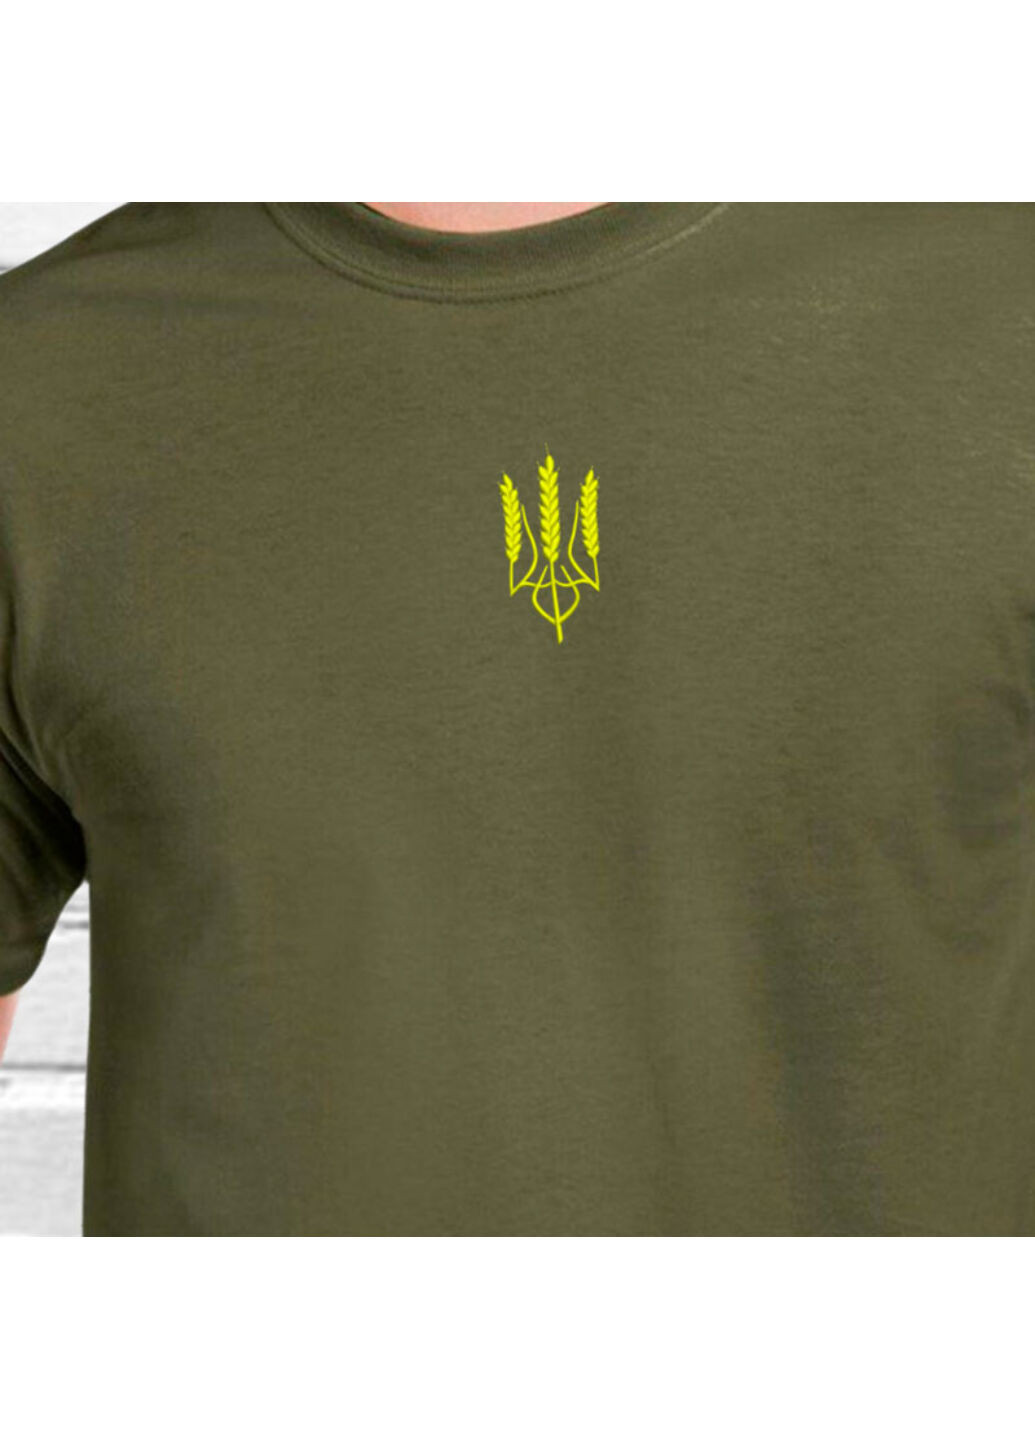 Хаки (оливковая) футболка з вишивкою тризуба 01-1 мужская хаки xl No Brand
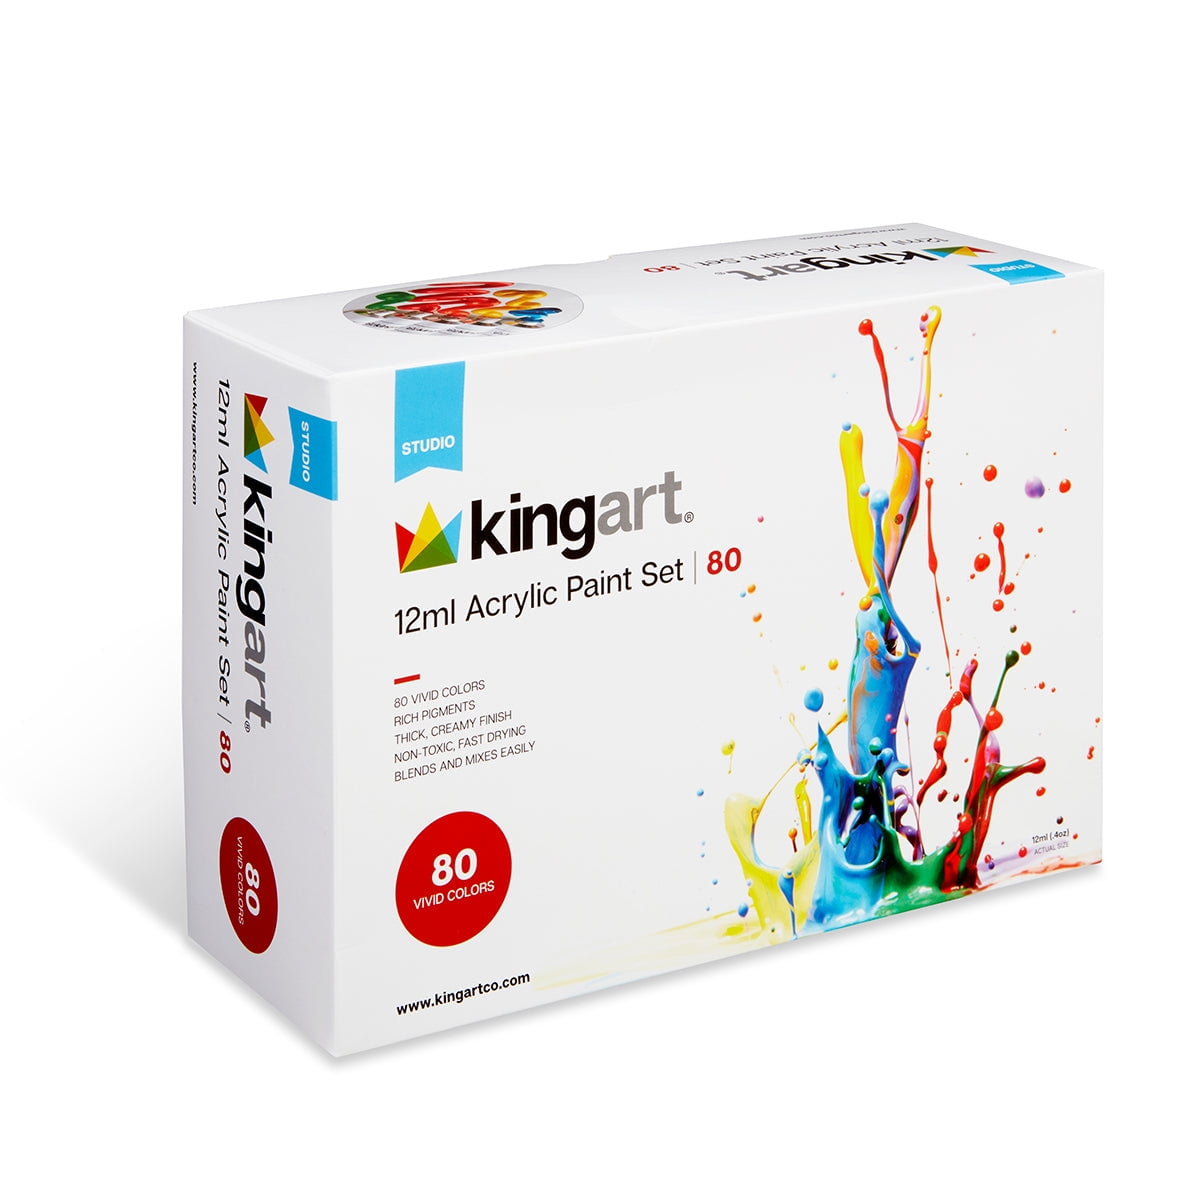 Kingart Studio Acrylic Craft Paint, 60ml (2oz) Bottle, Set of 36 Classic  and Vibrant Shades 
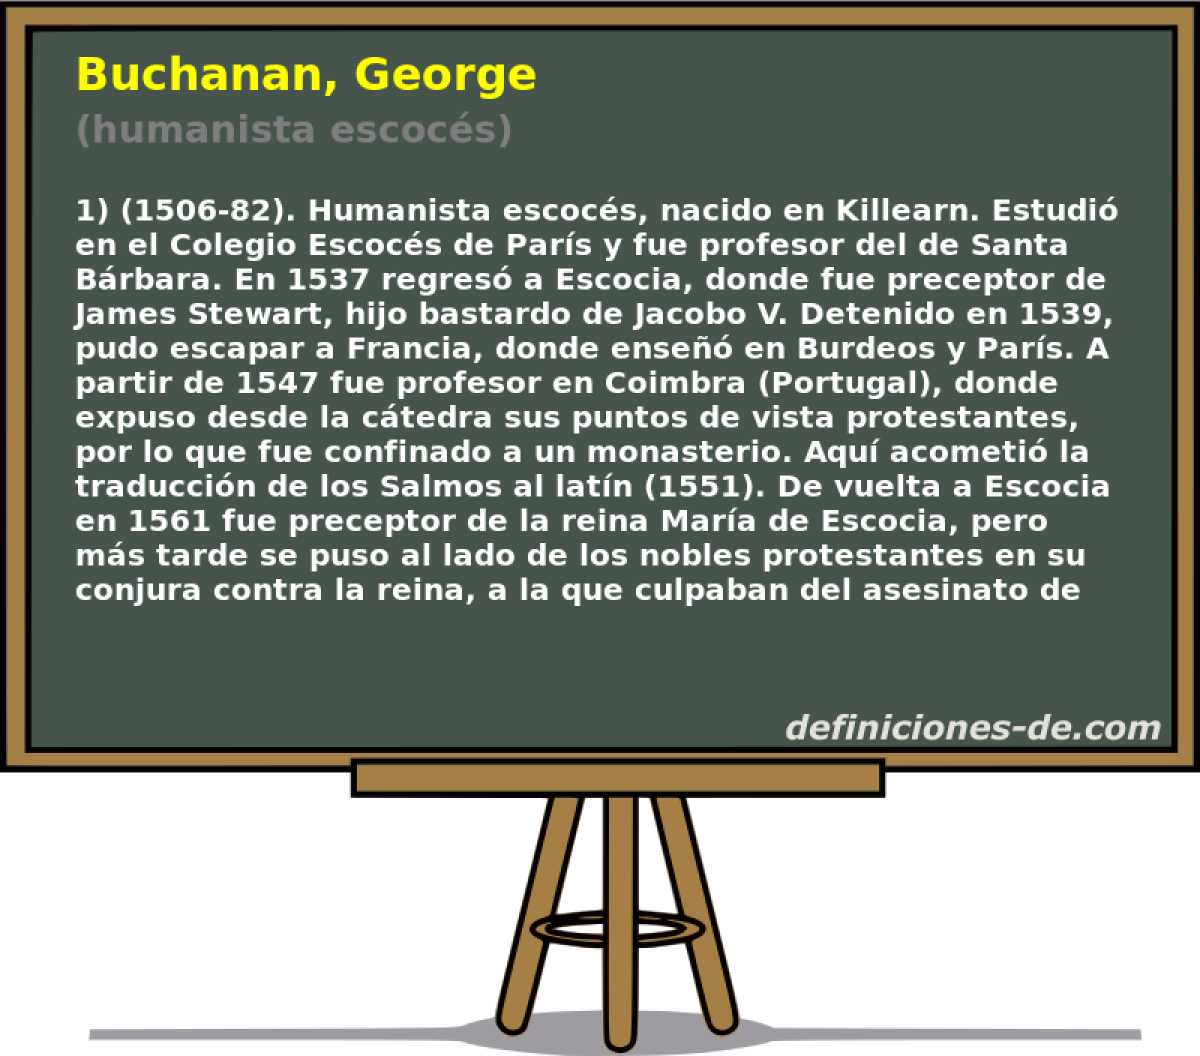 Buchanan, George (humanista escocs)
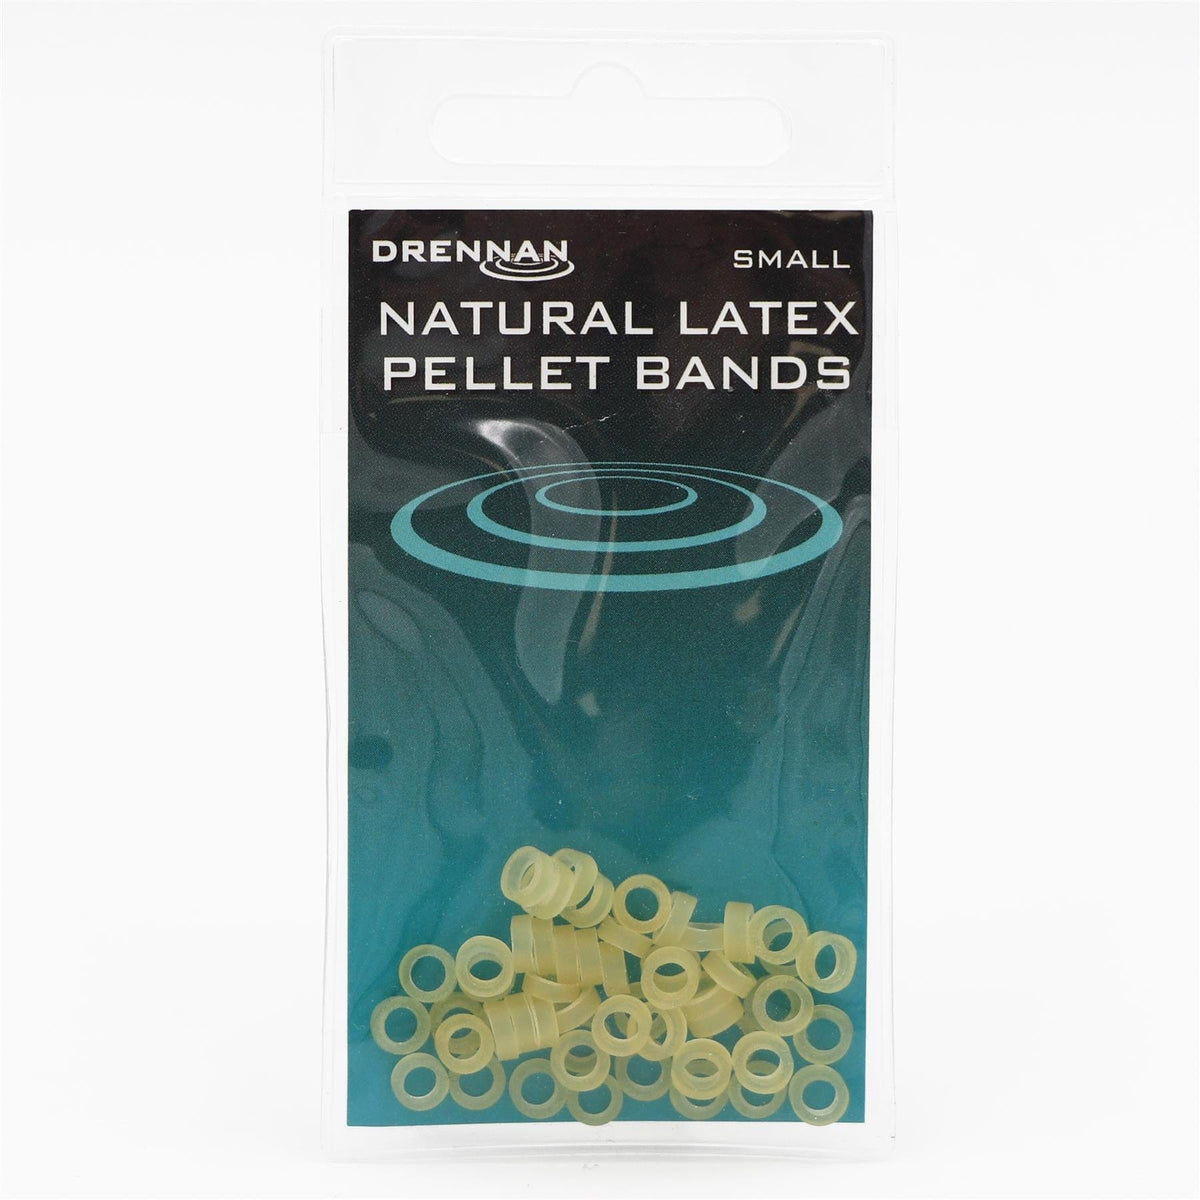 Drennan Natural Latex Pellet Bands.

■ Task statement ■
A faithful copy of the data above is wanted, with every image left out.

■ Result of this task ■
 Хаки (оливковая) футболка з вишивкою тризуба 01-1 мужская хаки xl No Brand
 Kingart Studio Acrylic Craft Paint, 60ml (2oz) Bottle, Set of 36 Classic  and Vibrant Shades 
 Buchanan, George (humanista escocs)
 Drennan Natural Latex Pellet Bands.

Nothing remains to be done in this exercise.